(YOUR GOAL) Line by line, return the listing exactly, without any of the images.

(INPUT DATA)
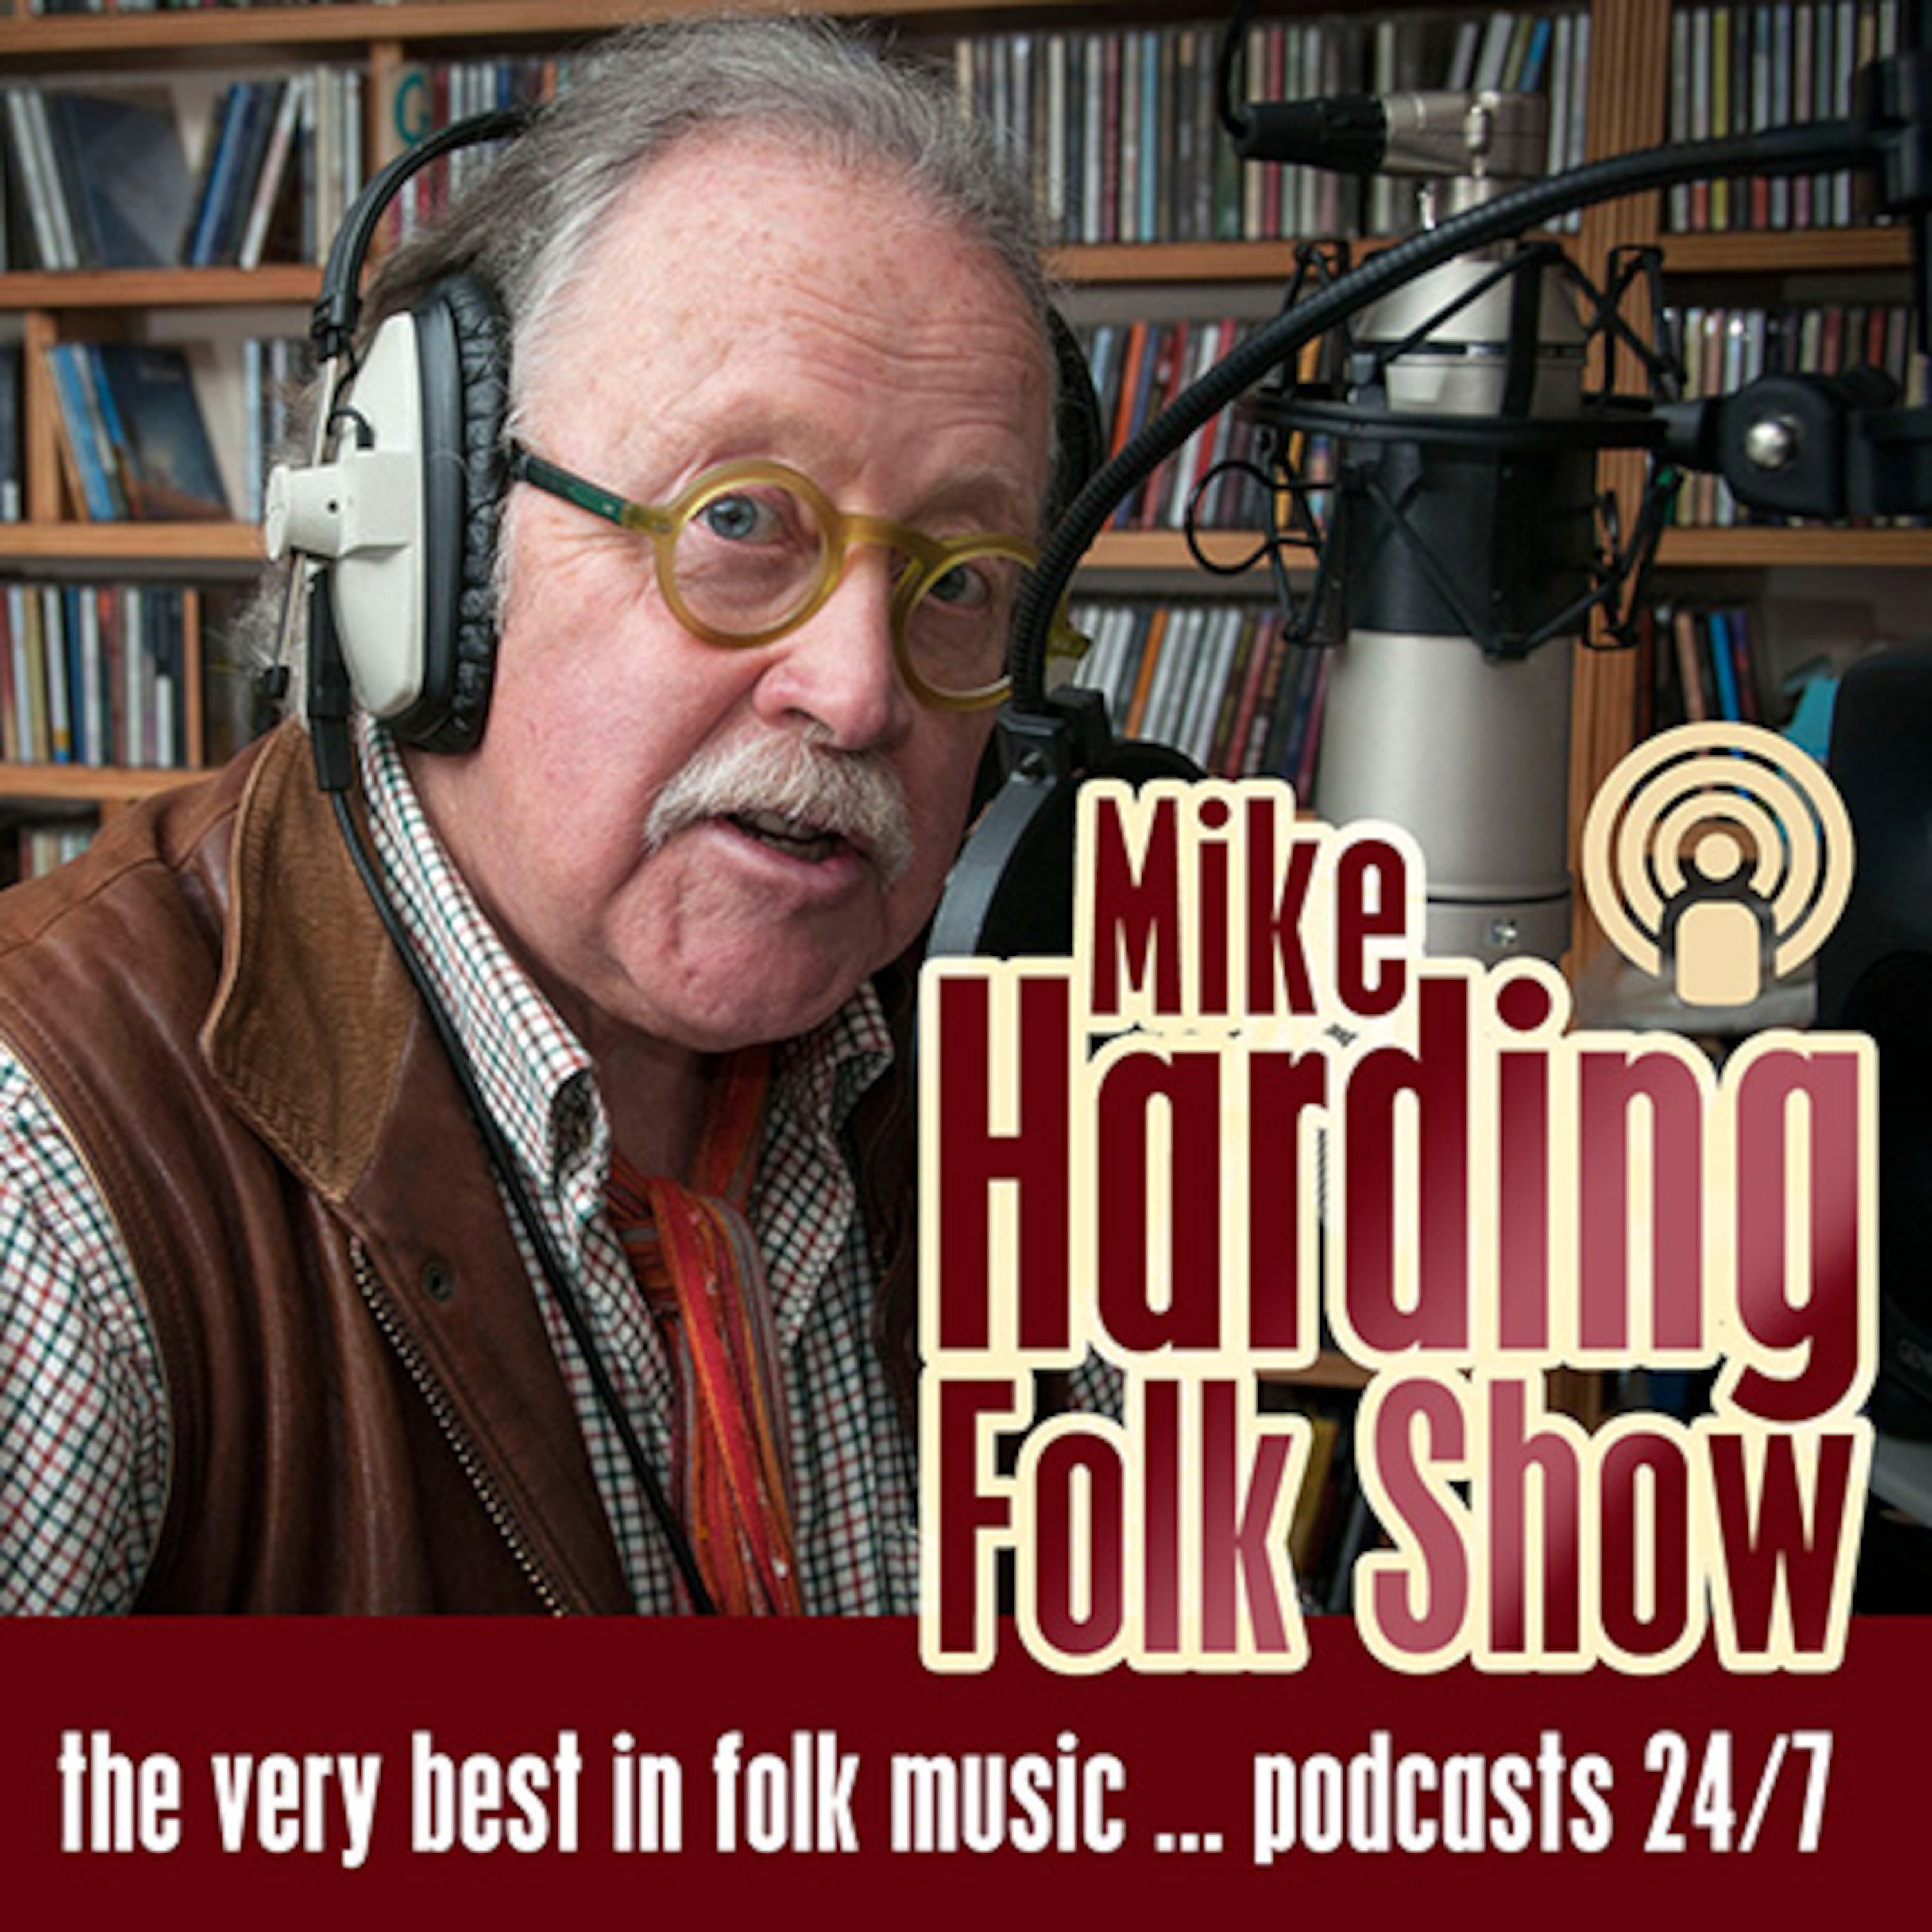 Mike Harding Folk Show 157
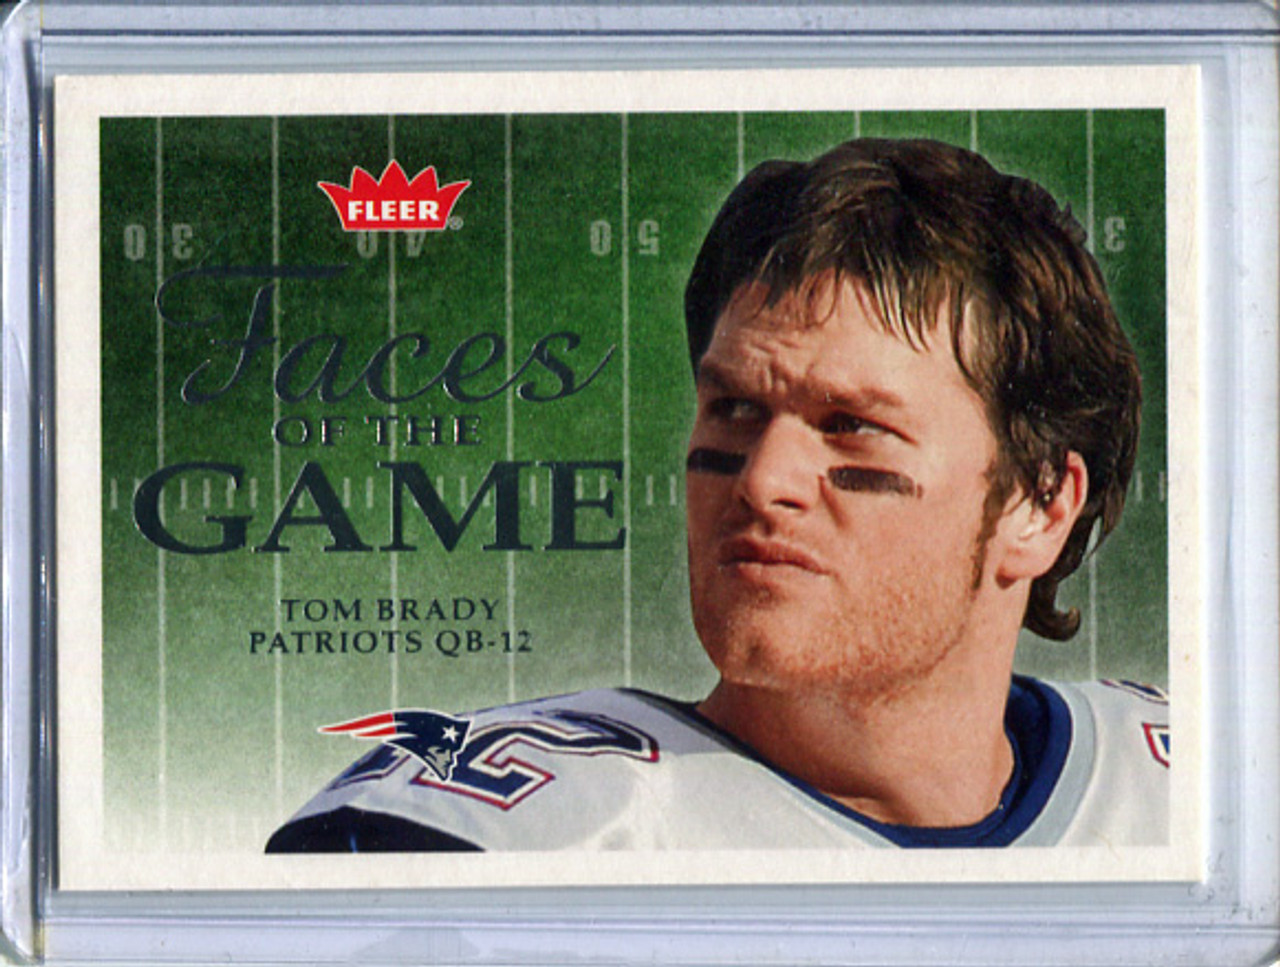 Tom Brady 2006 Fleer, Faces of the Game #FG-TB
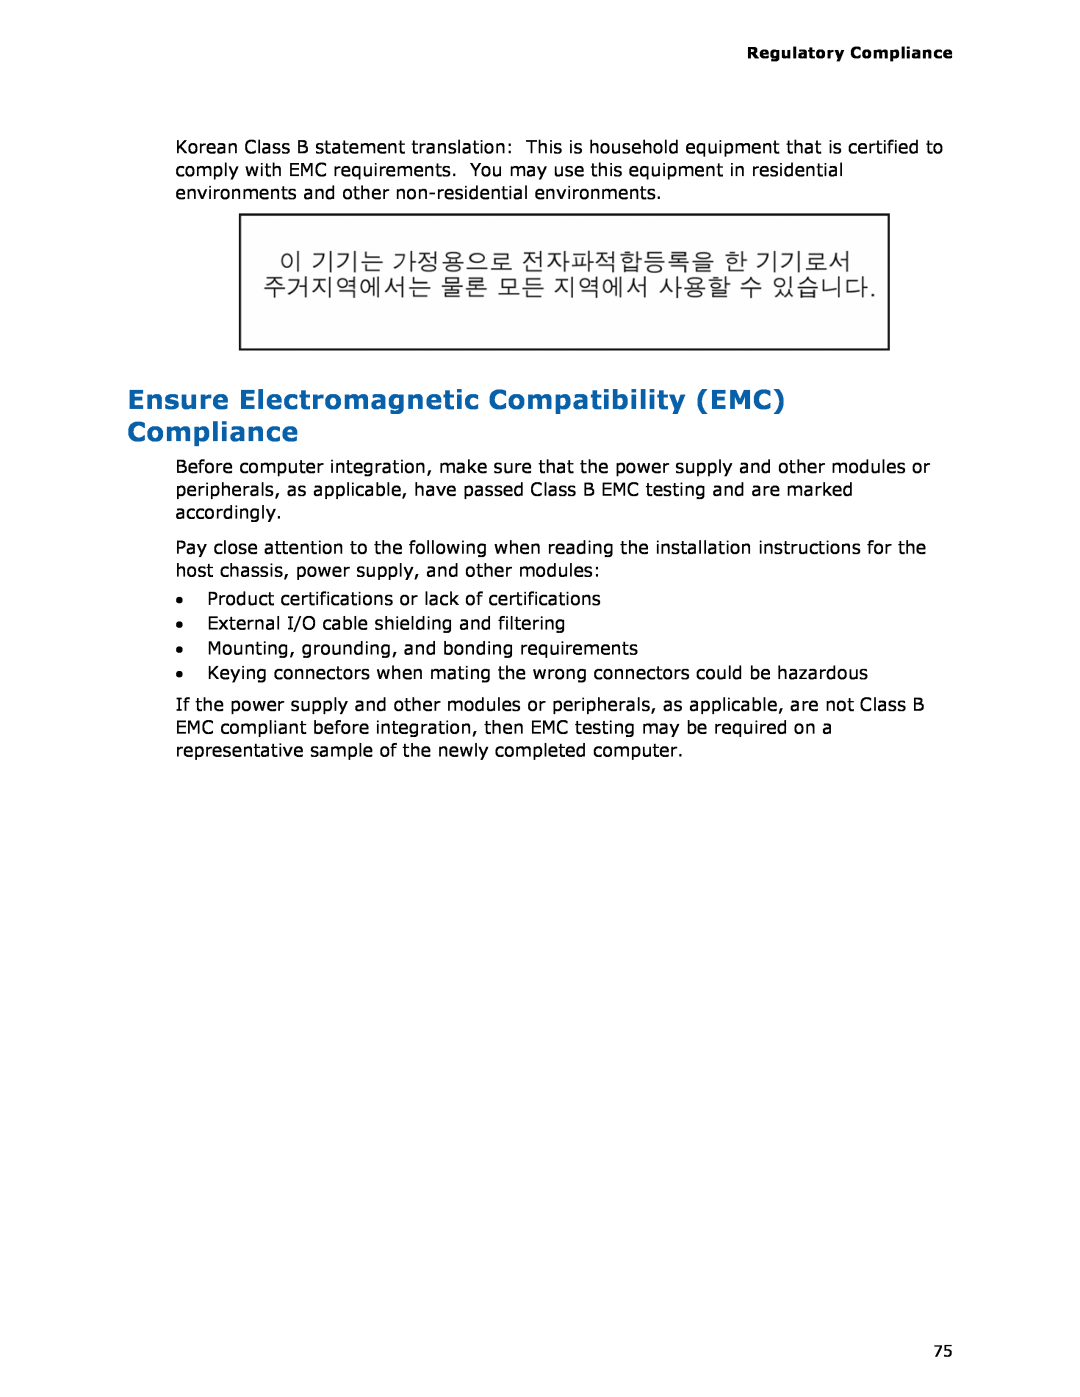 Intel DG35EC, Intel Desktop Board manual Ensure Electromagnetic Compatibility EMC Compliance

(EXPECTED ANSWER)
 Mike Harding Folk Show 157
 Tom Brady 2006 Fleer, Faces of the Game #FG-TB
 Intel DG35EC, Intel Desktop Board manual Ensure Electromagnetic Compatibility EMC Compliance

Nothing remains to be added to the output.